Vegetarian diet alone cannot ensure that you will be able to lose those extra calories. You can end up consuming that high-calorie in chips, cereal, pasta and energy bars. This can make you heavier than your non-vegetarian friends. However, if cooked properly vegetarian diet has lower levels of body fat and cholesterol.
Tips for Losing Weight on a Vegan Diet
Vegetarian weight loss routine demands you to consume foods like beans, legumes, fresh vegetables, soy protein, eggs, and milk.
What is the best vegetarian diet plan for weight loss, you ask? It is an intelligent balance of calorie intake and exercise that you need to maintain to drop those pounds!
Vegetarian Dinner Plan for Weight Loss
Here are some great tricks to lose those extra pounds by following a vegetarian diet.
The Basics of Weight Loss
There is a simple formula for weight loss, it starts happening when you burn more calories than you consume. You can exercise more, cut calories or use a combination of both. Researchers recommend that you need to maintain a pace of losing 2 pounds per week. This is a healthier approach and easier to maintain. It might not fall within the definition of “fast” but it definitely is the more realistic and manageable way to go about it.
In order to lose 2 pounds every week, you have to set a habit of losing 1,000 calories every day. One should not take less than 1,200 calories per day as it can cause nutritional deficiency. You need to carefully design a plan for yourself. Consult a dietician for it and see if you are fit enough to cut down 1,000 calories on a daily basis.
If you are not recommended to reduce the intake of your calories to that number, try working out a bit as well. Exercise is a universally acclaimed way to lose weight for both, vegetarians and non-vegetarians.
Kinds of Vegetarian Diet
The major benefit of this kind of diet is that you are automatically cutting down on fatty meats, poultry with skin and other kinds of processed meat. Vegetarian diet normally consists of no animal-based products. But there are different kinds of vegetarian meal plans. Some take dairy but not eggs, some take eggs but not dairy and others take both.
Among all these kinds of vegetarian diet plans, the ones which consume both eggs and dairy are less likely to give you results. If you consume these products, it may result in increased intake of full-calorie dairy and baked products.
Moreover, someone who is following a vegan diet could ultimately lose more calories in comparison to others. Because their diet only consists of leafy greens, starchy vegetables, soy proteins, beans, and legumes in addition to nuts and oils of various kinds.

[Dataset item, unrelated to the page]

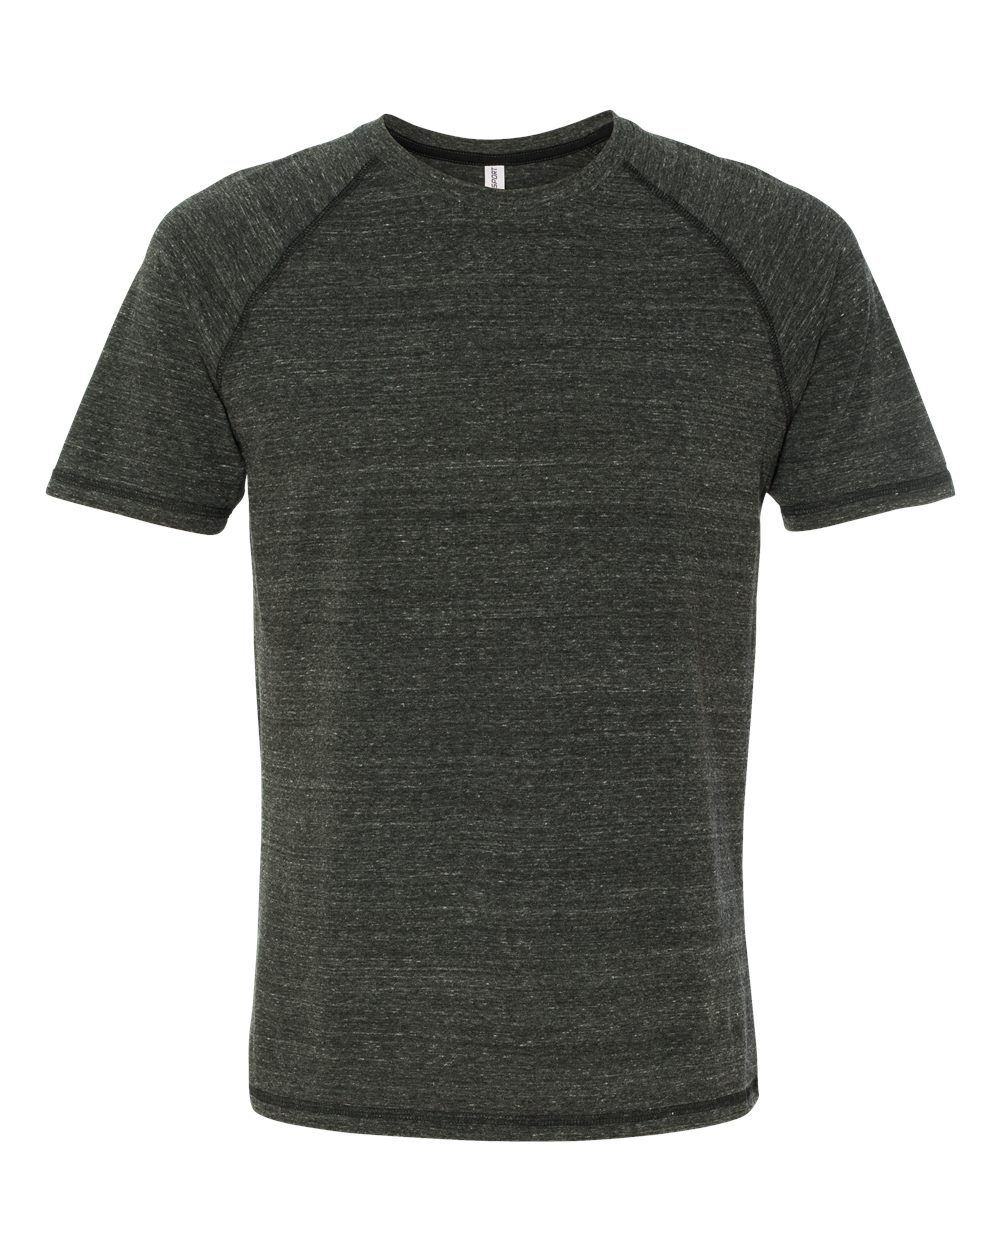 click to view Charcoal Heather Triblend

The Perfect Vegetarian Weight Loss Routine
Develop a weight loss program by structuring your diet. Make sure your diet doesn’t consist of processed foods. Try reducing the amount of refined sugar and grain options, even if it can be listed in a vegetarian diet plan. As the use of sugary foods only adds more calories and reduces the number of good nutrients.
Add items to your food baskets like poached eggs and veggies, scrambled soft tofu paired with salsa, and a fruit plus yogurt smoothie to your breakfast menu. For lunch, consider a salad with chickpeas, and a vegetable soup along with kidney beans. This kind of meal would make you feel full while keeping your calories in check. For your dinner menu, take stir fry tofu made in minimal oil paired with roasted vegetables, or steam vegetables with lemon juice.
You can determine the size of the meal by fixing the number of calories you want to intake on the daily basis.